- _Available data_
%%

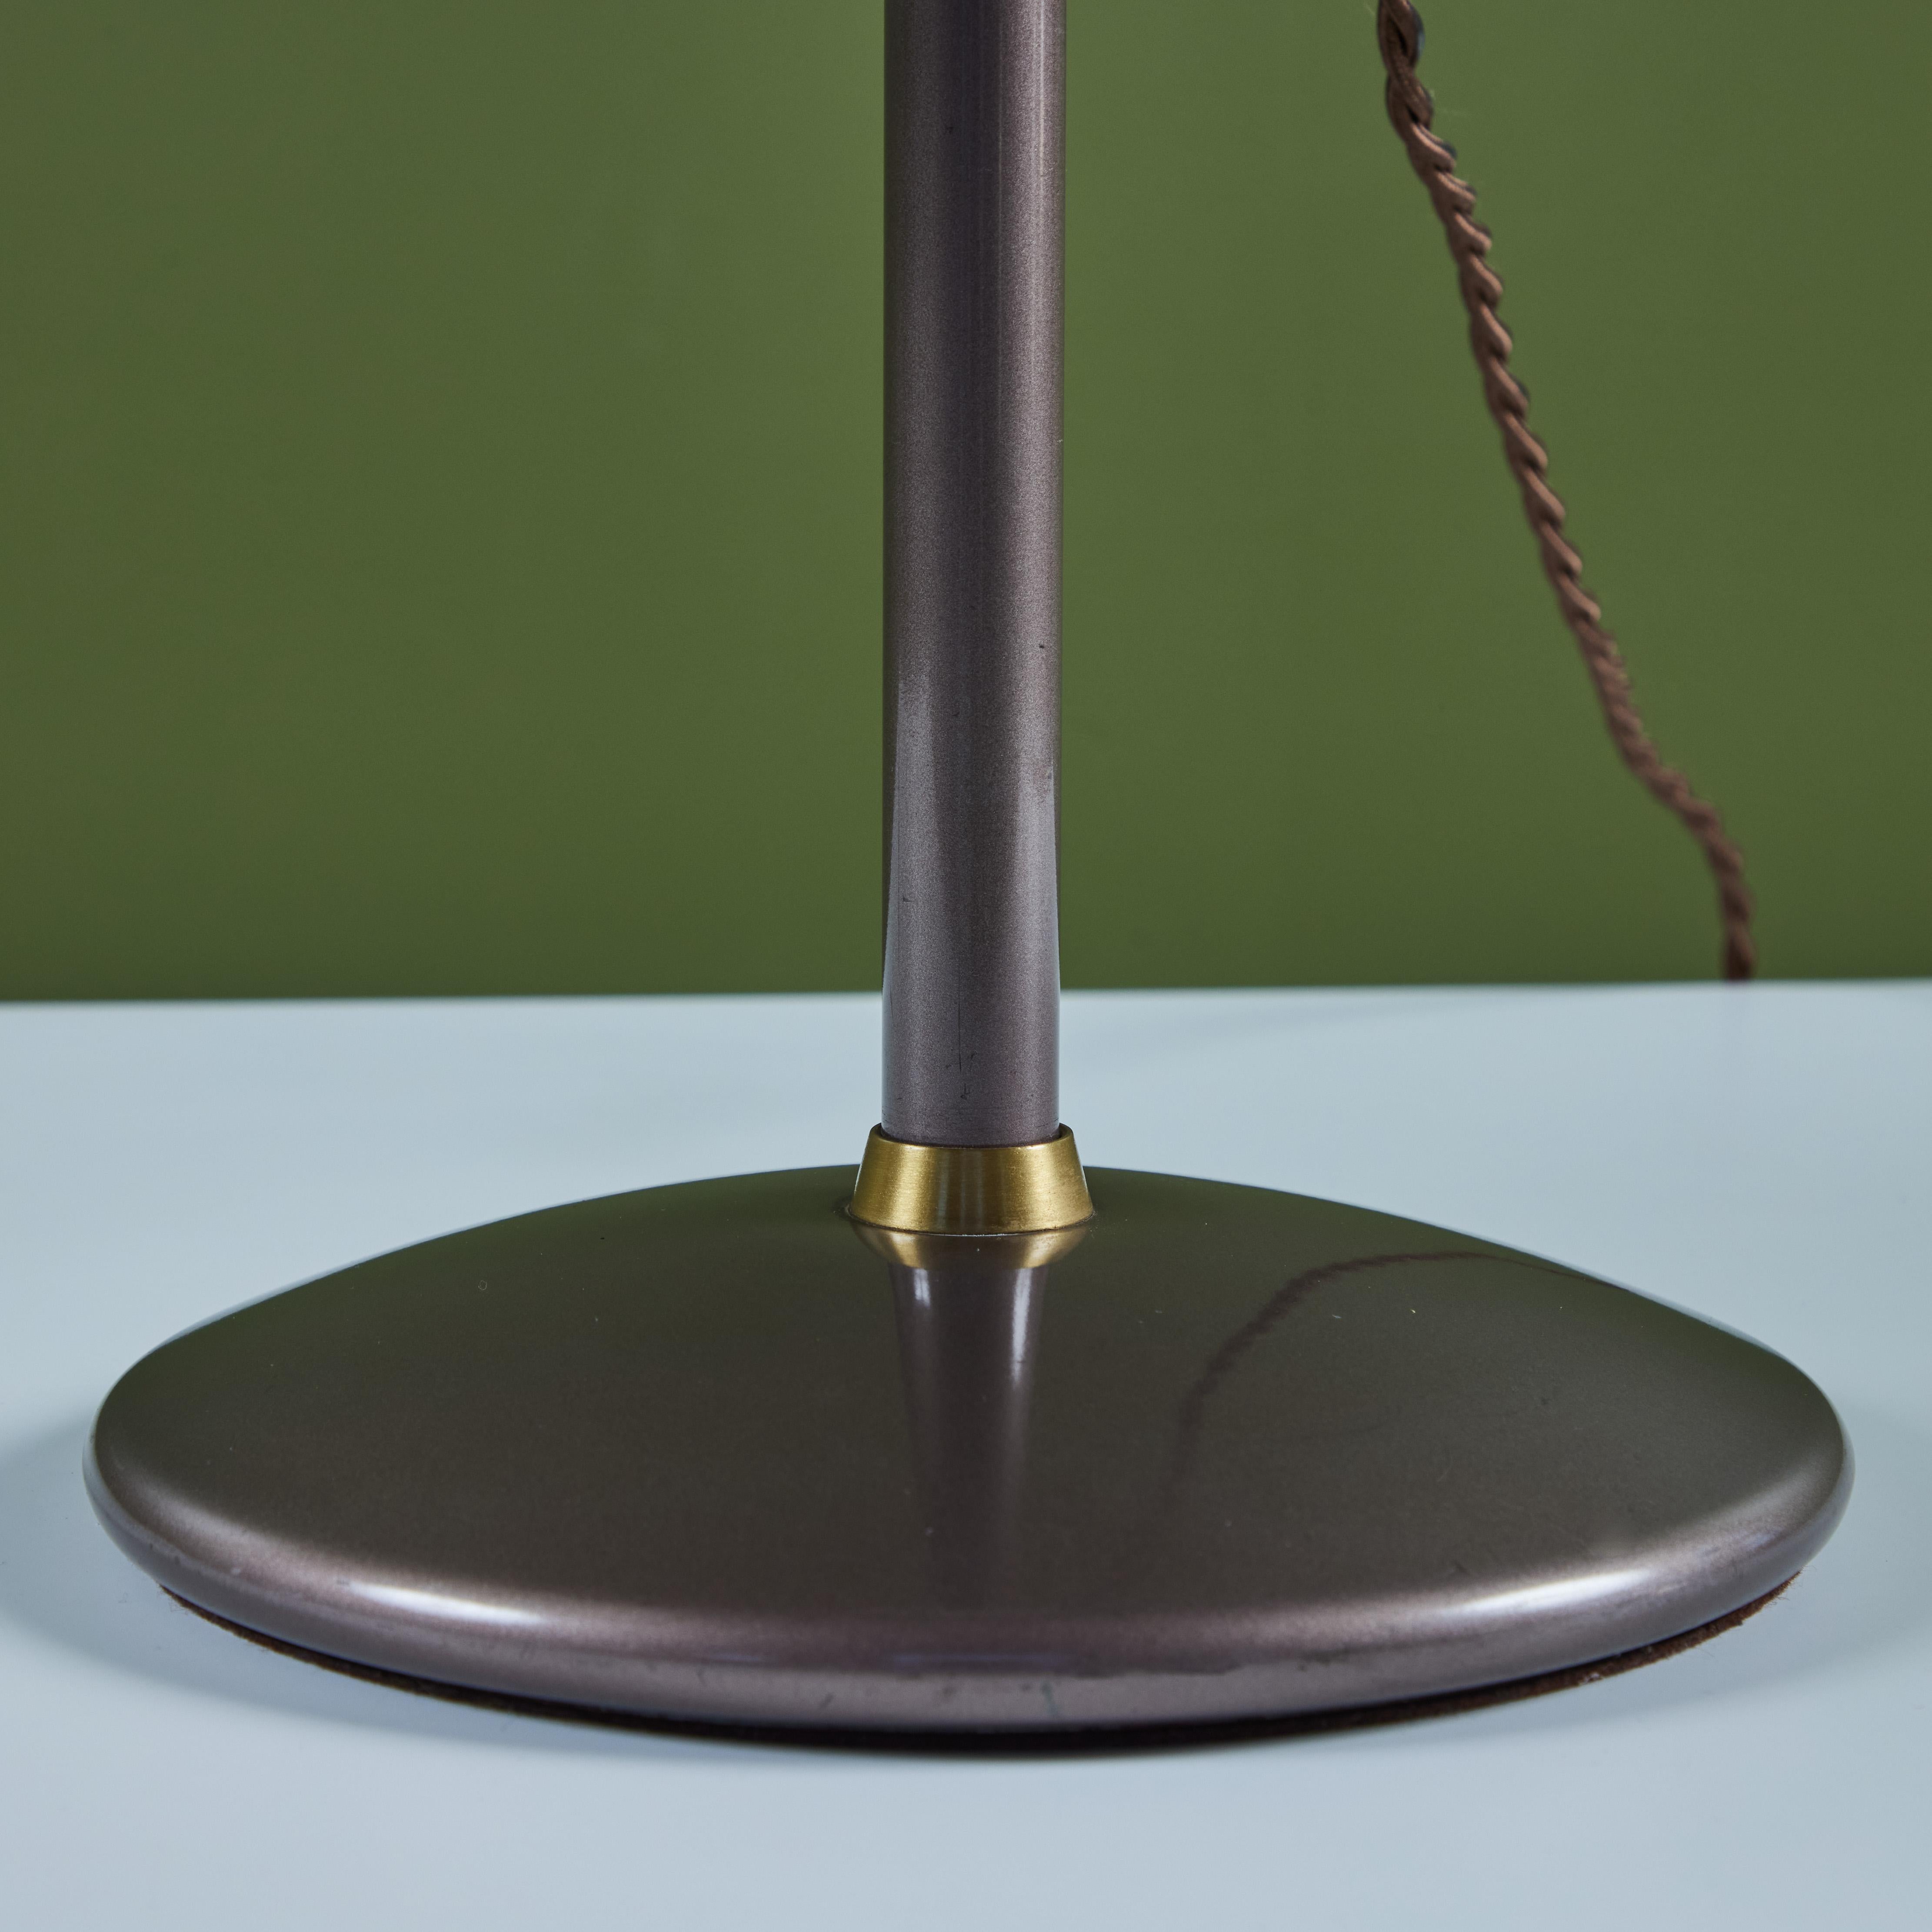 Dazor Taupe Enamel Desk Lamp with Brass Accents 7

%%
%%

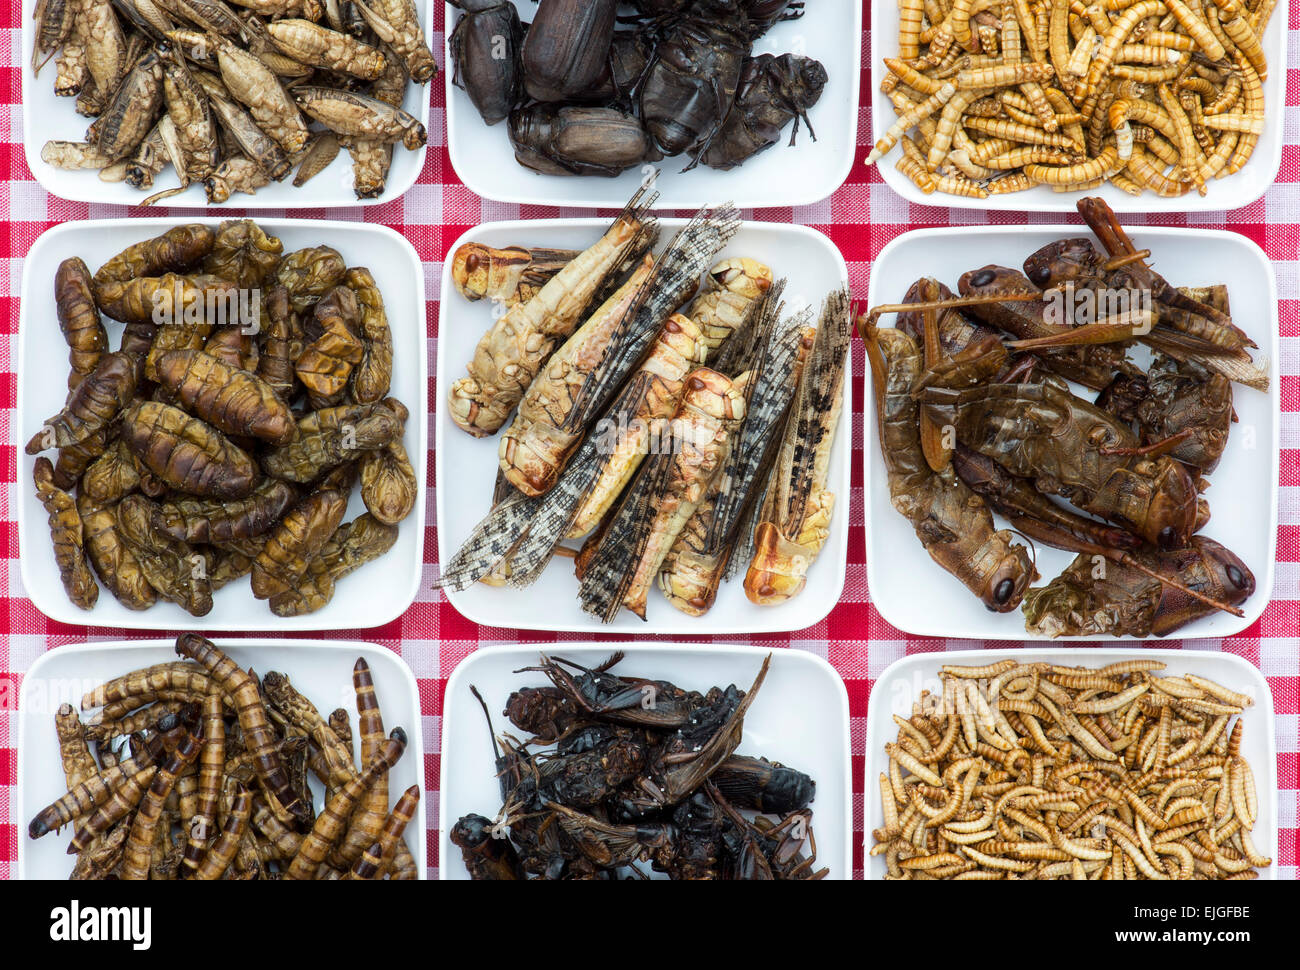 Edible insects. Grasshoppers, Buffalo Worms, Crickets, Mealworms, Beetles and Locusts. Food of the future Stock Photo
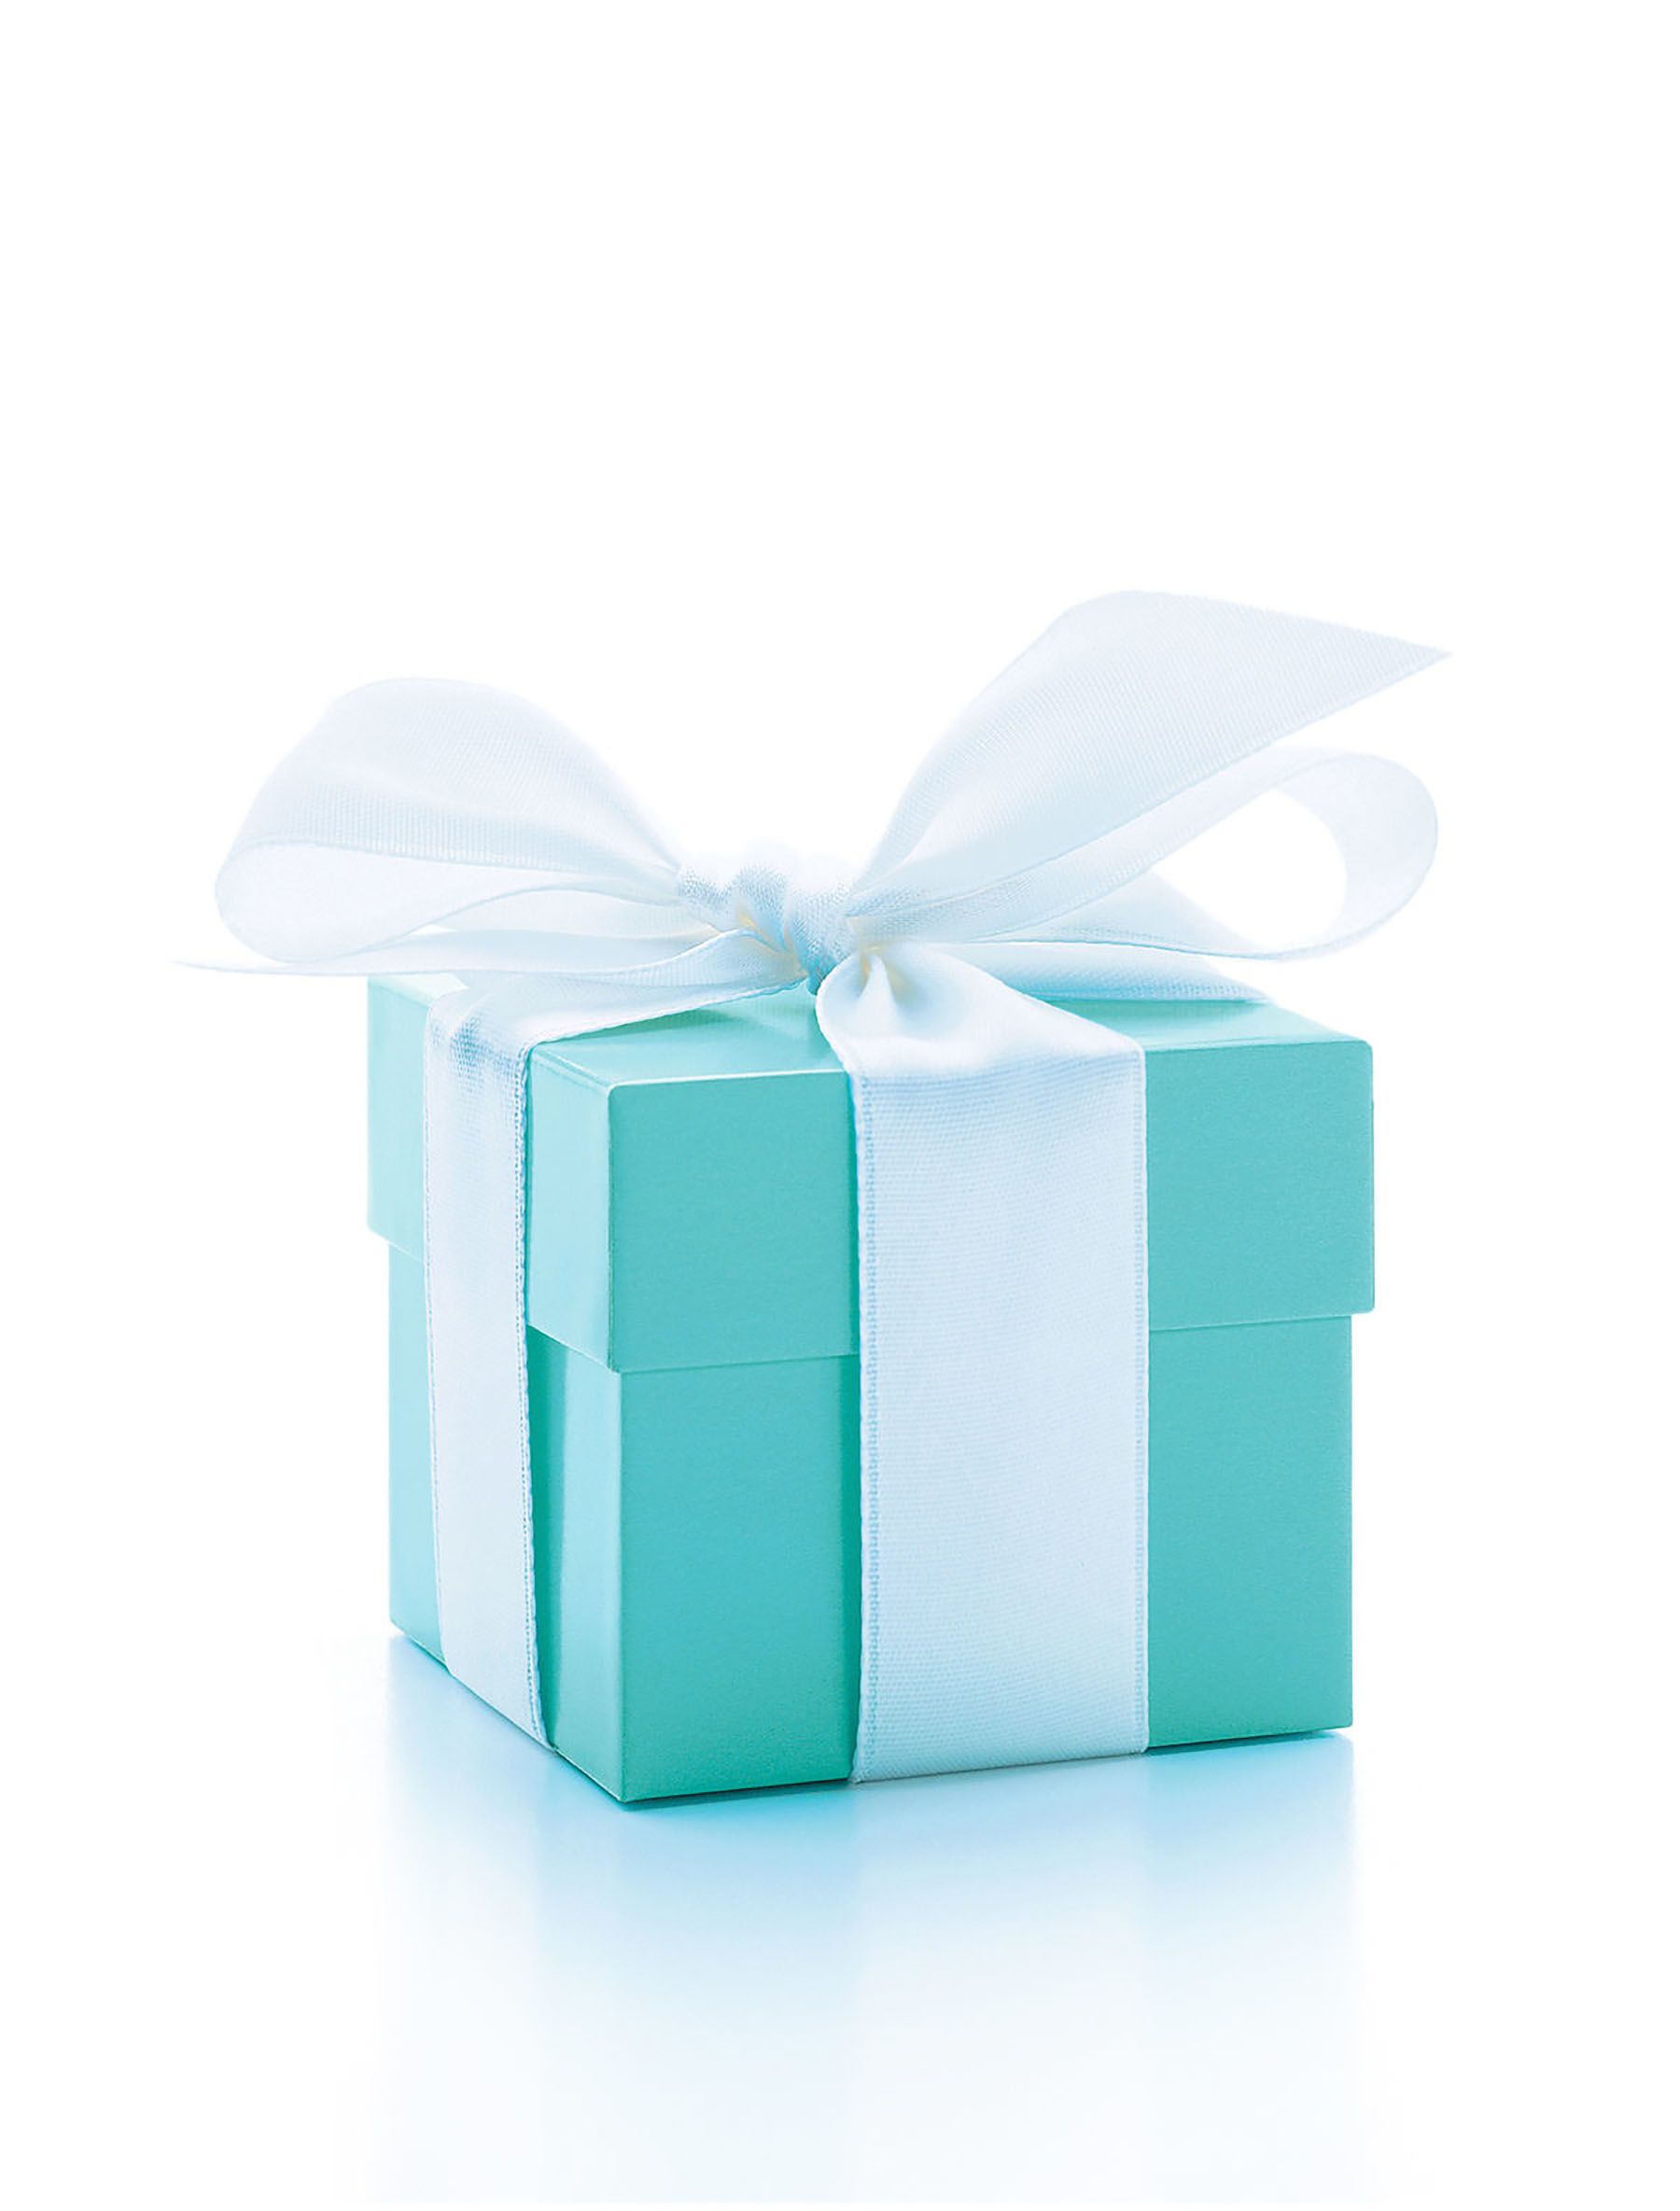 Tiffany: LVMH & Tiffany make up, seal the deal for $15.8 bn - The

%%

Quote the data above exactly from the line with "Edible insects. Grasshoppers, Buffalo" to the line with "Tiffany: LVMH &", both ends counted, and nothing else. Pictures don't go in.

- _Solved exercise_
 Edible insects. Grasshoppers, Buffalo Worms, Crickets, Mealworms, Beetles and Locusts. Food of the future Stock Photo
 Tiffany: LVMH & Tiffany make up, seal the deal for $15.8 bn - The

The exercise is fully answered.